Cognitive Shortcuts and Social Identity

  • People tend to prejudge others based on group membership, which can result in positive or negative evaluations.
  • Positive prejudice involves a positive evaluation in favor of someone within one's own group, while negative prejudice involves a negative evaluation of someone in a different group, often leading to discrimination.
  • Social psychologists discuss groups in terms of in-groups (us) and out-groups (them).
  • In-group members are viewed as diverse, whereas out-group members are perceived as all alike.
  • Groups serve positive functions such as providing protection and solving problems, but they can also lead to prejudice.
  • Prejudice is an unjustified, often negative attitude, while stereotyping involves generalizations (often overgeneralizations) about members of a particular group.
  • Stereotypes can be positive, such as viewing the elderly as wise or certain ethnic groups as pro-family.
  • The Robbers Cave experiment (Muzaffar Sharif, 1954) demonstrated how easily prejudice can arise between groups.
    • 22 Oklahoma boys were divided into two groups at a boy scout camp, and competitions fostered hostility between the groups.
    • Intergroup hostility was alleviated by presenting challenges that required both groups to work together, such as getting a stalled truck out of the mud.

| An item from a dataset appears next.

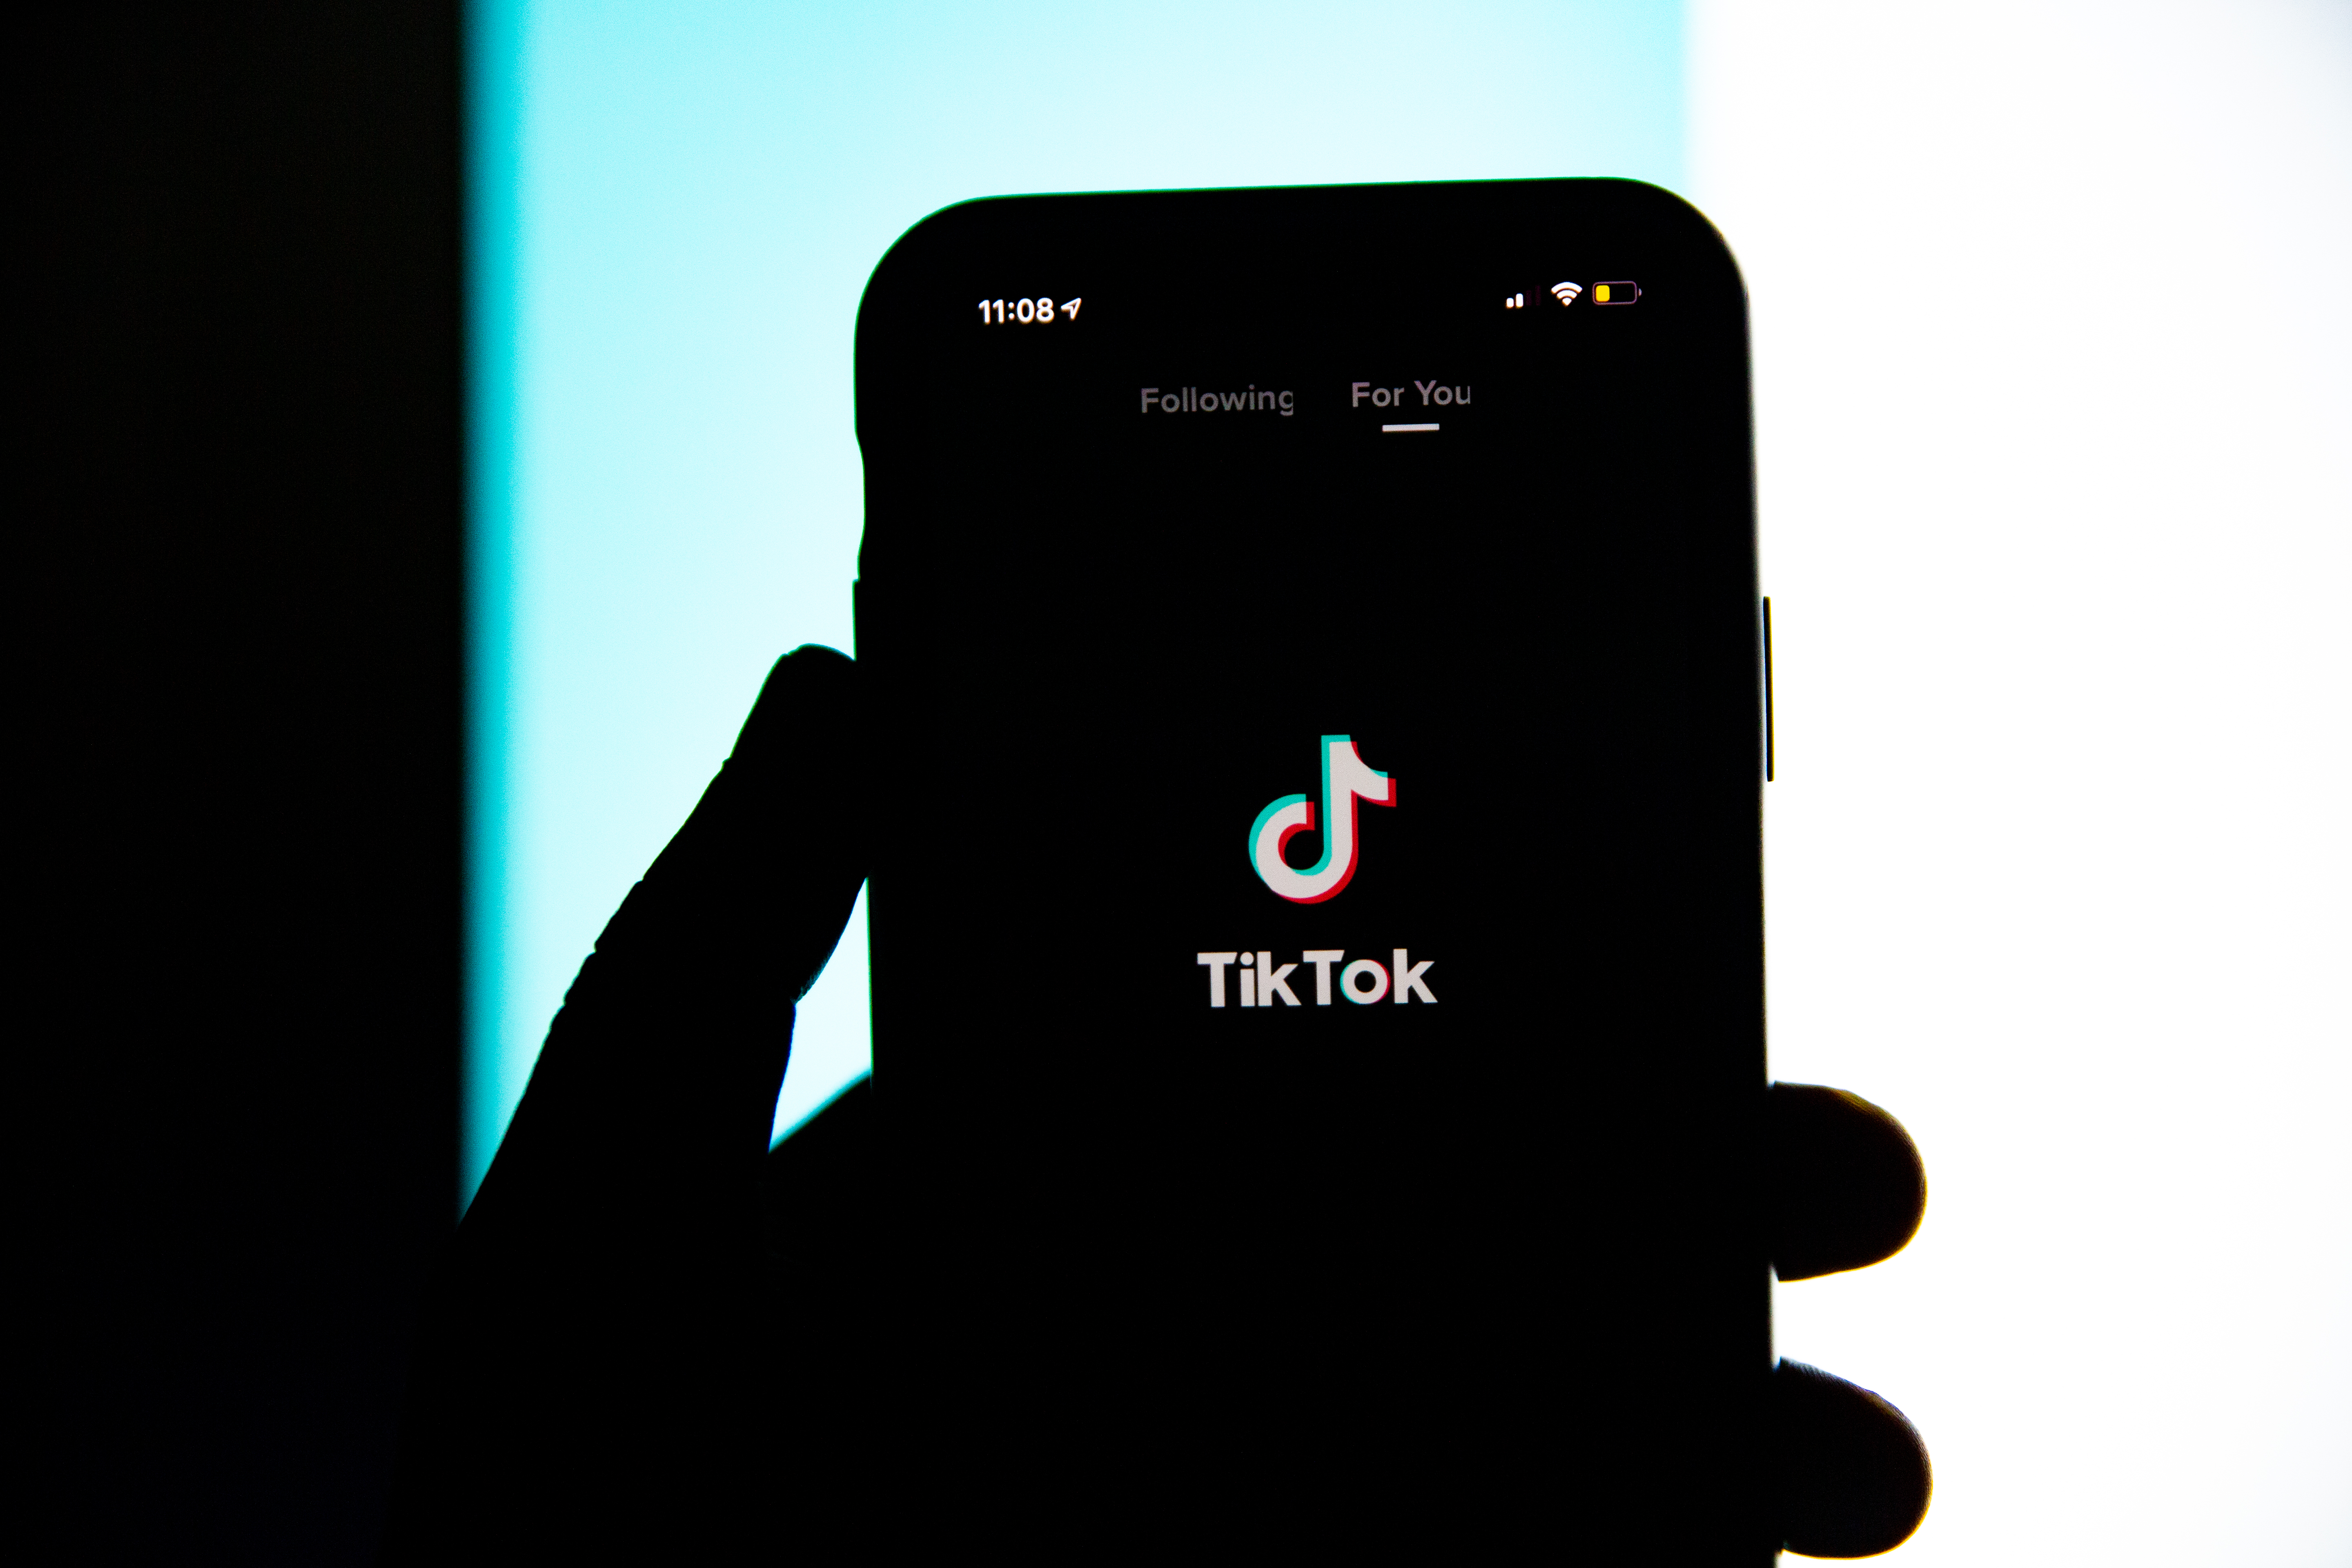 What Happened to TikTok’s Project Texas?

Explicit vs. Implicit Prejudice

  • Prejudice exists at both conscious (explicit) and unconscious (implicit) levels.
  • It is a challenge to address implicit forms of prejudice, which individuals may not be aware of.
  • Researchers use instruments to measure conscious and unconscious attitudes, revealing that people often operate on autopilot.
  • Consciousness can sometimes override automatic attitudes and prejudices.
  • Automatic associations between race and violence can influence perceptions, such as whether someone is seen as holding a gun or a wrench in the dark.
  • Reducing prejudice is essential, and individuals can monitor their feelings and actions, replace old habits with new ones, and seek out new friendships.
  • People are inclined to see the way things are as the way they ought to be.
  • System justification tends to preserve existing policies, even after major social changes are legislated.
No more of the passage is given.